Eileen Mayo

England / Australia / Aotearoa New Zealand, b.1906, d.1994

Skaters

  • 1925
  • Wood engraving
  • Purchased 2012
  • 113 x 88mm
  • 2012/024

Two prints from early in Eileen Mayo’s career show the strength of her natural ability. Eileen was nineteen and studying at the Central School of Arts and Crafts, London, when she made the wood engraving Skaters. She made Turkish Bath a few years later in response to an invitation to put work in the Second Exhibition of British Lino-Cuts at the Redfern Gallery, London. Her invitation came from Claude Flight, the linocut’s principal champion, who reportedly instructed her on the technique over the telephone. She had met Flight, a teacher at the Grosvenor School of Art, while working there in 1929 as a life-class model.

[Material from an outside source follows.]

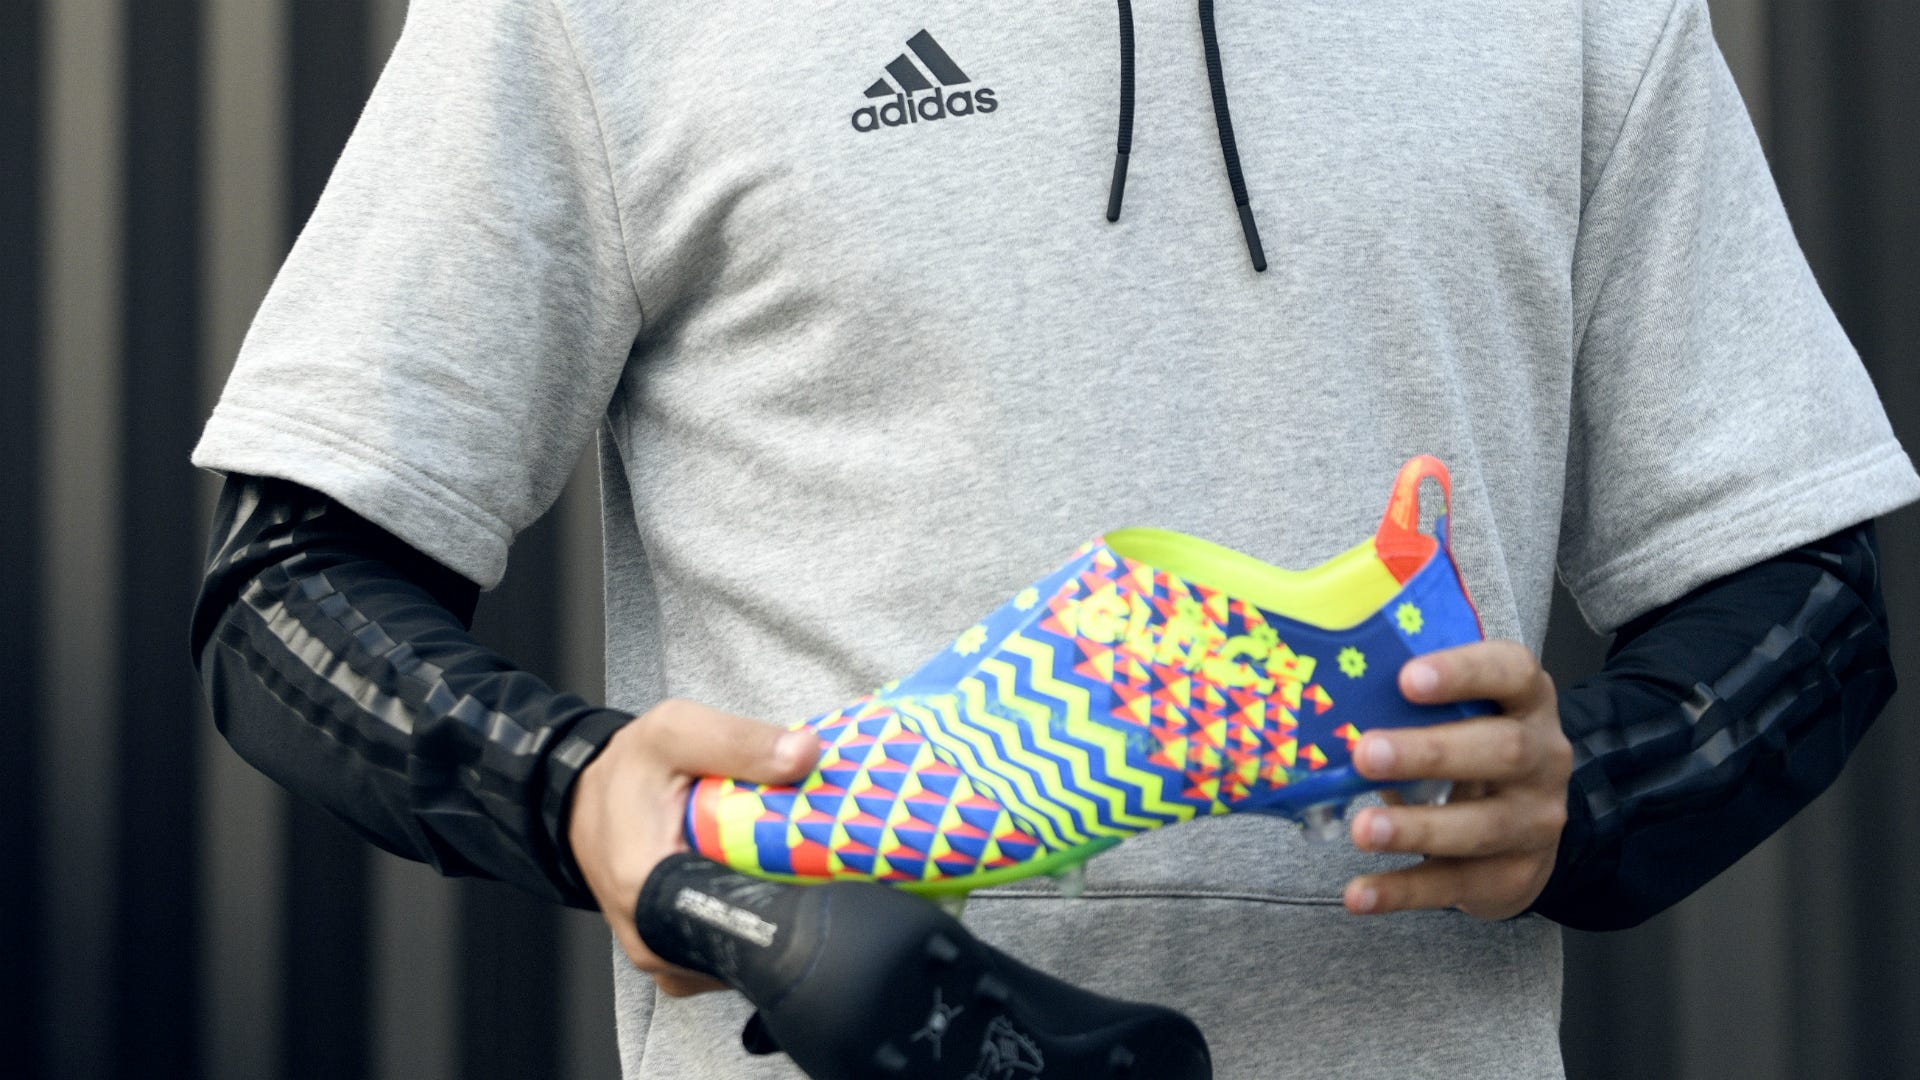 Extreme Sea bream Weaken Paulo Dybala signs on with adidas before World Cup | Goal.com English Qatar

(Perilous: Unheard Stories from the Collection, 6 August 2022- )

Exhibition History

earlier labels about this work
  • Turn, Turn, Turn: A Year in Art, 27 July 2019 – 8 March 2020

    Believed to be one of Eileen Mayo’s first wood engravings, this dynamic monochromatic image of two ice skaters shows her interest in balancing form and movement within a tightly controlled picture space. In 1925, Mayo was in London and had just taken up her studies at the Central School of Arts and Crafts, after two years at the Slade School of Art. She attended evening classes in wood engraving, calligraphy, drawing, lithography and historical costume design, supporting herself by working as a freelance designer during the day. Mayo later worked as a model for a life-class at the Grosvenor School of Modern Art, where she met Claude Flight, the artist and educator who pioneered and popularised the linocut technique and encouraged Mayo to produce her first work in that medium.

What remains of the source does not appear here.